Nettie Becker doesn’t notice: ‘Aren’t you just darling?’
A bit scary she might be, but in no more than ten minutes we’ve got sheets on the bed, a blanket for the sofa, a clean frying pan, a jug of milk and a bowl full of eggs from her chook run and she’s saying: ‘My wash day is Wednesdays, don’t mind throwing yours in too for a shilling, and as well of course the child can come to my house tomorrow while you’re working, if you need her to. Agnes, you can come and help me with my little Johnny. Would you like that? He’s only three, but he’s a handful and seven-quarters, I’ll say.’ She puts her hands on her hips and gives me a look that’s a bit scary too: ‘Any time after six – that’s when John’s off, up at the Glebe Island silos, lumping.
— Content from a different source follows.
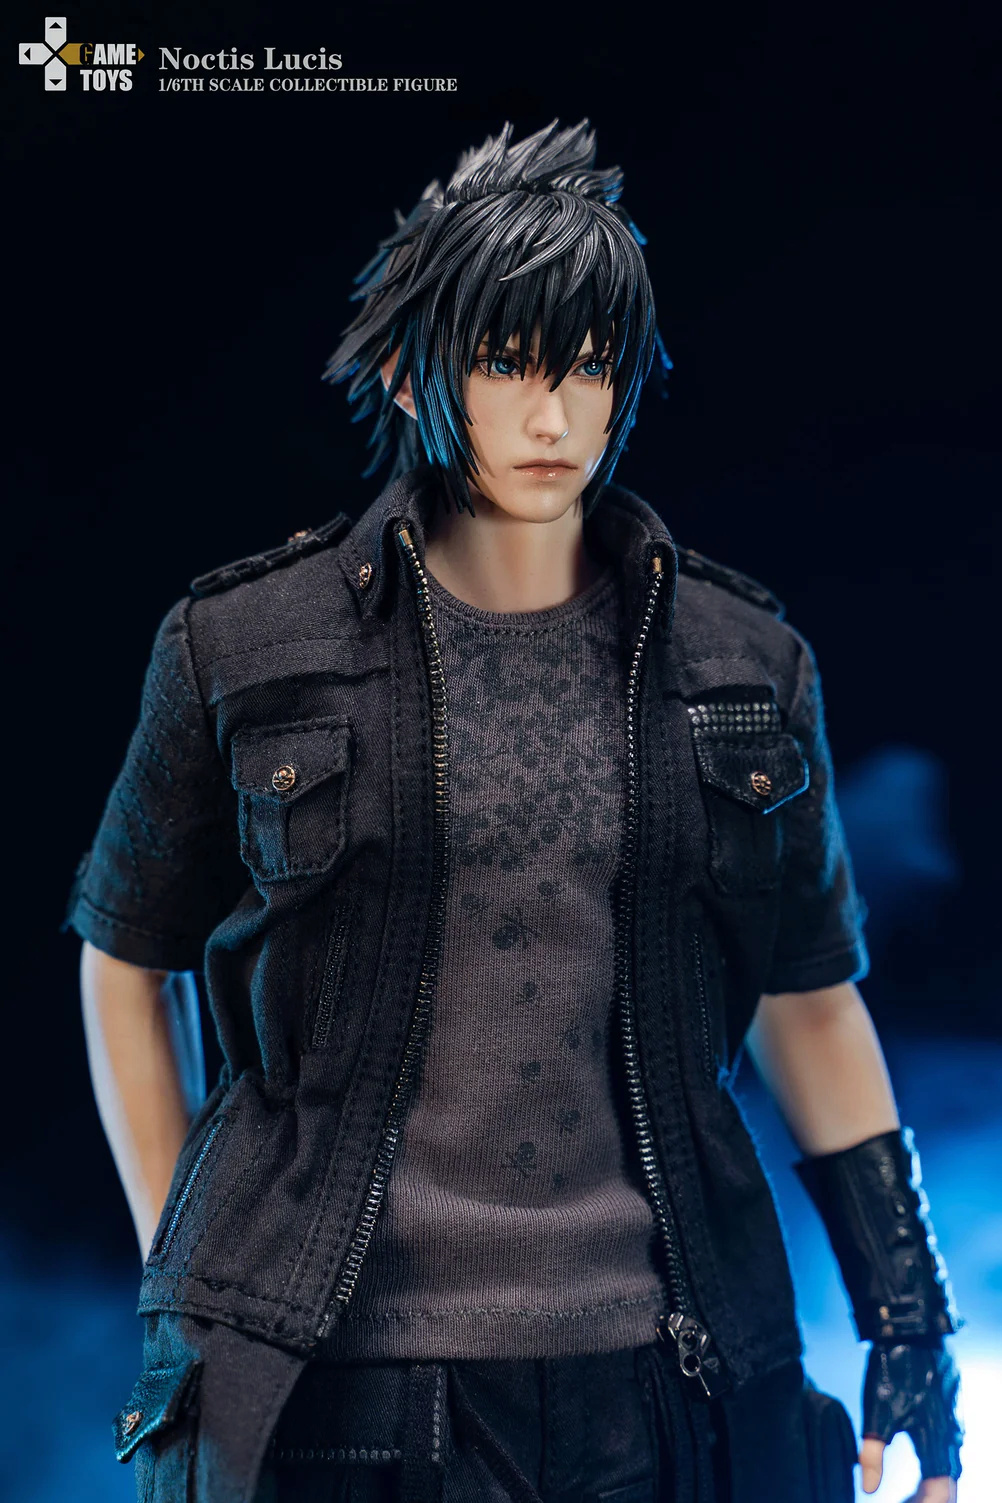 NEW PRODUCT: Gametoys Noctis Lucis, additional accessories, and throne 20_web10

Six till six, that’s what a ten-hour shift round there is – and anything goes between six and six round here. But no other time, right?’
‘Right,’ and that’s my final prayer answered, our new life set up; it doesn’t seem enough to say, ‘That’s very kind of you.’ But that’s all I can say.
‘Oh, I don’t know about that,’ she says, in a sarcastic sort of way, making a sour face, but I don’t know what she means by it and can’t ask her because she’s turned on her heel and gone back out the door.
Take a moment to scratch my head and then I ask Ag: ‘What do you reckon?’
She shrugs; not too keen on Nettie Becker.
But I am. She might be a strange sheila, but she seems ordinary strange; and she’s right next door, in this place full of decent working people, who obviously all have an eye out for each other even if they can’t get a story straight, and she is probably genuinely wanting help with her baby. It looks good all around. I tell Ag: ‘You might get a headache from her, but she might be some fun, too, yeah? She seems to like you.’
Ag doesn’t want to know about it. She goes out to the kitchen and pushes the chair in here up to the sink so she can reach the tap. She turns it on, inspects the flow, and she turns it off. Her skinny little arms are then lifting the old black kettle the flitters left on the side of the sink, telling me she’s more than capable of looking after herself, once we work out the stove at least; and she says, filling the kettle now under the tap, with her back still to me: ‘Why can’t I go and help Miss Greene?’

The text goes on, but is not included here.